Sunway University’s Yeah Kim Leng said the influential international credit rating agency also signalled the country’s stable growth and fiscal performance over the near term.
“It is noteworthy that the agency remains sanguine of the performance of the Malaysian economy this year which it expects to expand at 6.1% despite the gathering headwinds facing the global economy, particularly the two largest economies, US and China,” he told Bernama.
Bank Islam Malaysia Bhd chief economist Afzanizam Abdul Rashid said factors such as being a net energy exporter and a major producer of crude palm oil as well as the easing of pandemic restrictions would be the key drivers for growth.
“The way I see it, it is a vote of confidence from the rating agency for our government finances. This essentially will open the fiscal space as the government needs to ensure economic growth prospects remain intact.
“Laying out a roadmap for fiscal consolidation would also help to build credibility and confidence,” he said. “In a way, this could also help stabilise our ringgit.”
RHB group chief economist Sailesh K Jha said the S&P outlook upgrade implied that some fiscal reforms could be coming.
“In our view, the surprise S&P upgrade to Malaysia’s sovereign outlook to stable from negative and affirmation of its long-term foreign currency debt rating at A-, implies that fiscal reforms could be coming within the next 12 months.

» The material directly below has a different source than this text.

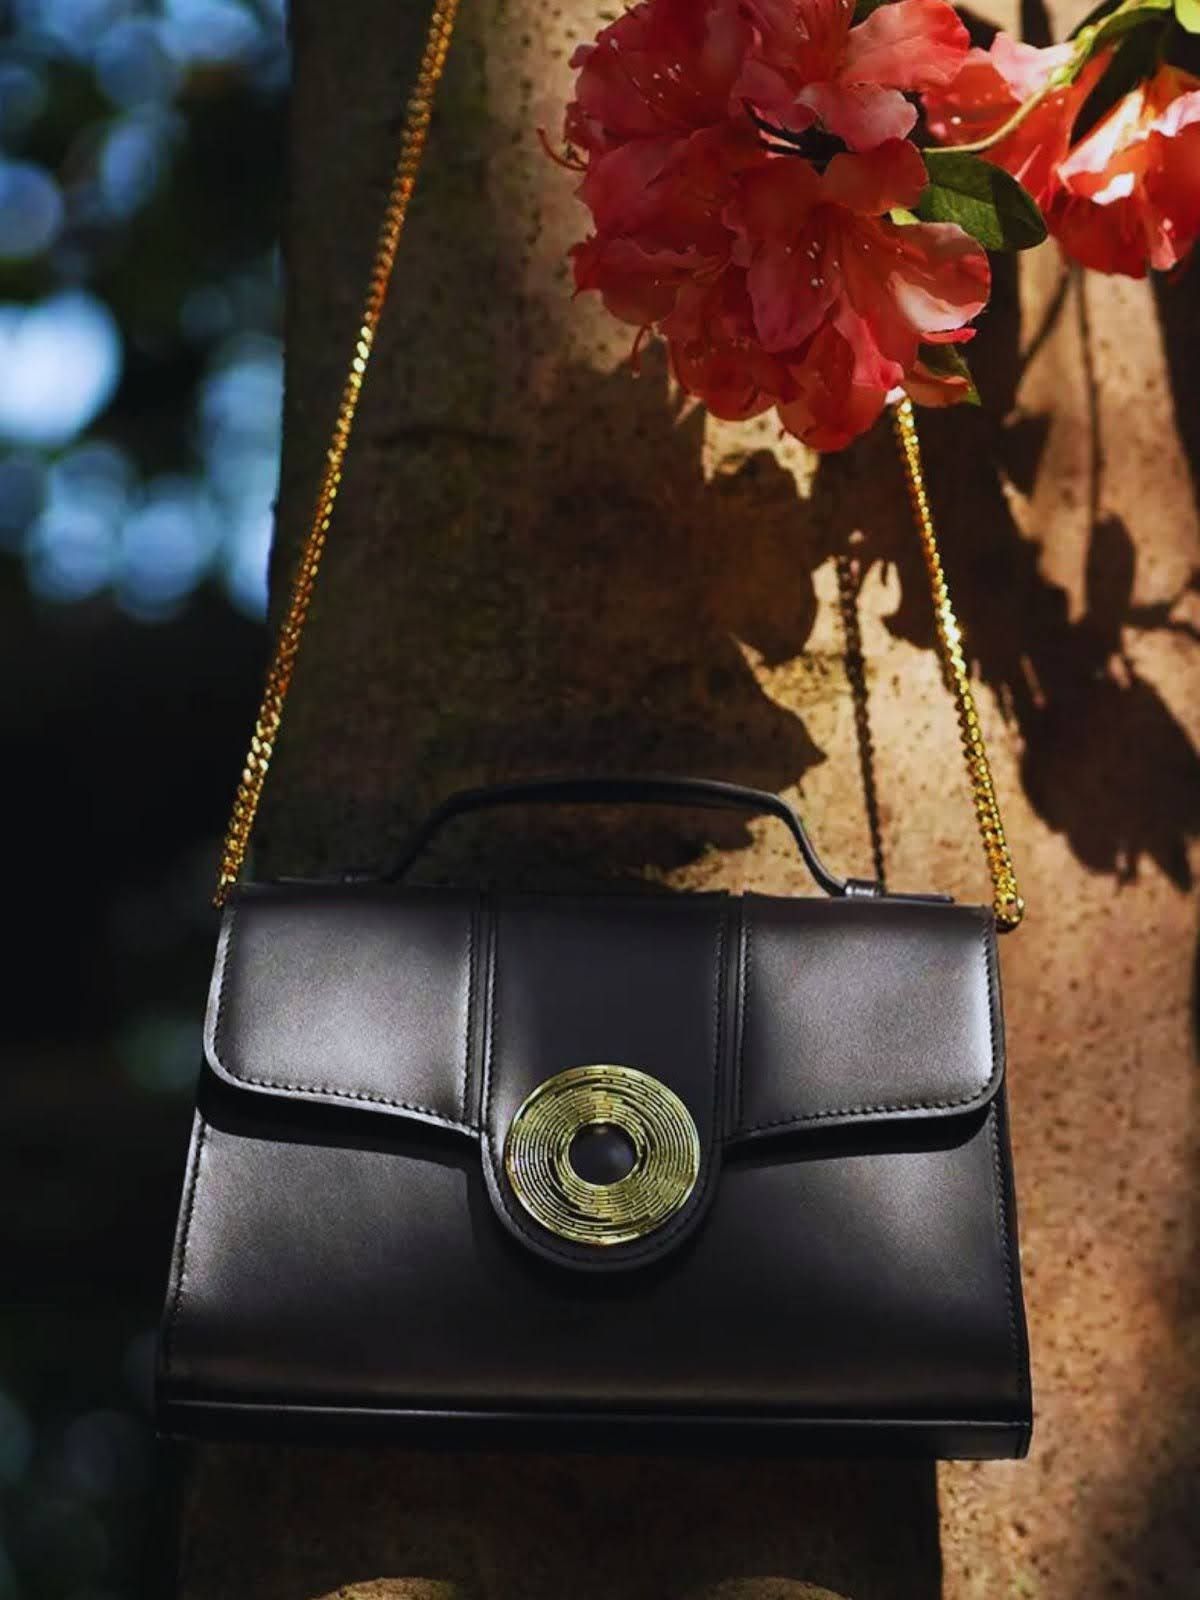 Beautiful Aranyani Aella Monogram Clutch in Obsidian shade with a tree and flower in the background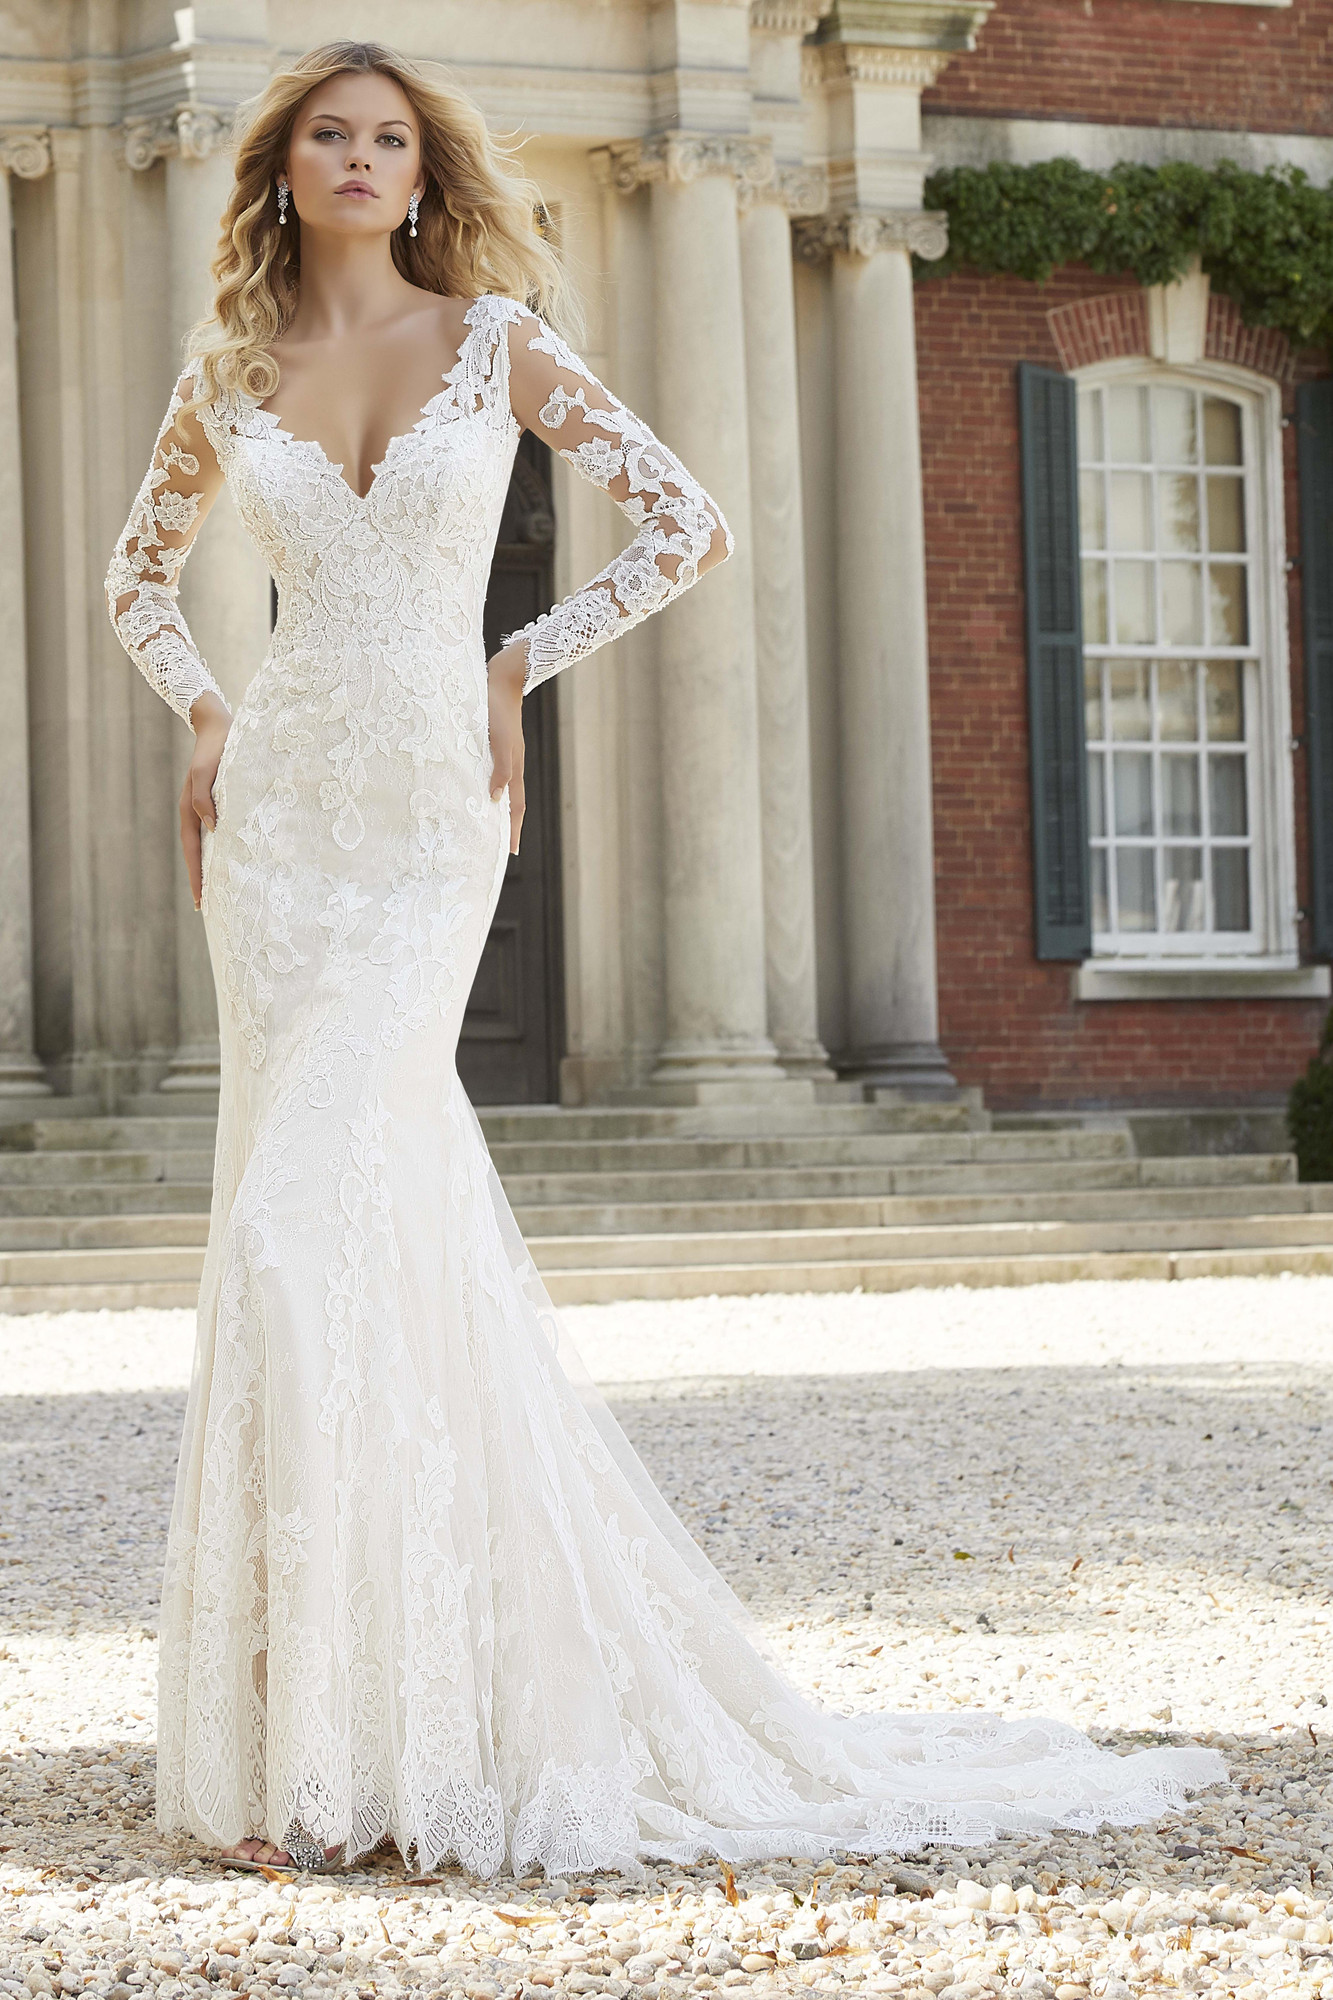 2022 Wedding Dress from Morilee - hitched.co.uk

“The near-term implications for financial markets are neutral since it remains to be seen what these fiscal reforms will be and the timing of implementation of these policies,” he said in a research note.
He said although it was too early to tell, the balance of risks was tilted towards the goods and services tax (GST) not being included in the initial announcement of Budget 2023 but could be announced in March 2023 with the implementation towards the latter part of 2023 or early 2024.
“The GST rates could be in the low single digits and could potentially be implemented in a tiered manner with luxury goods being one component and normal goods being another component.
“Alternatively, if GST reforms aren’t possible in the foreseeable future, corporate taxes could be raised as part of Budget 2023,” he said.
On Monday, S&P Global Ratings upgraded Malaysia’s sovereign rating outlook to stable from negative.
It also projected Malaysia’s economy to grow at 6.1% in 2022 and 5% in 2023 supported by strong exports, high commodity prices and domestic demand following the reopening of the economy.
The rating agency also affirmed the “A-” long-term and “A-2” short-term foreign currency sovereign credit ratings as well as Malaysia’s “A” long-term and “A-1” short-term local currency ratings.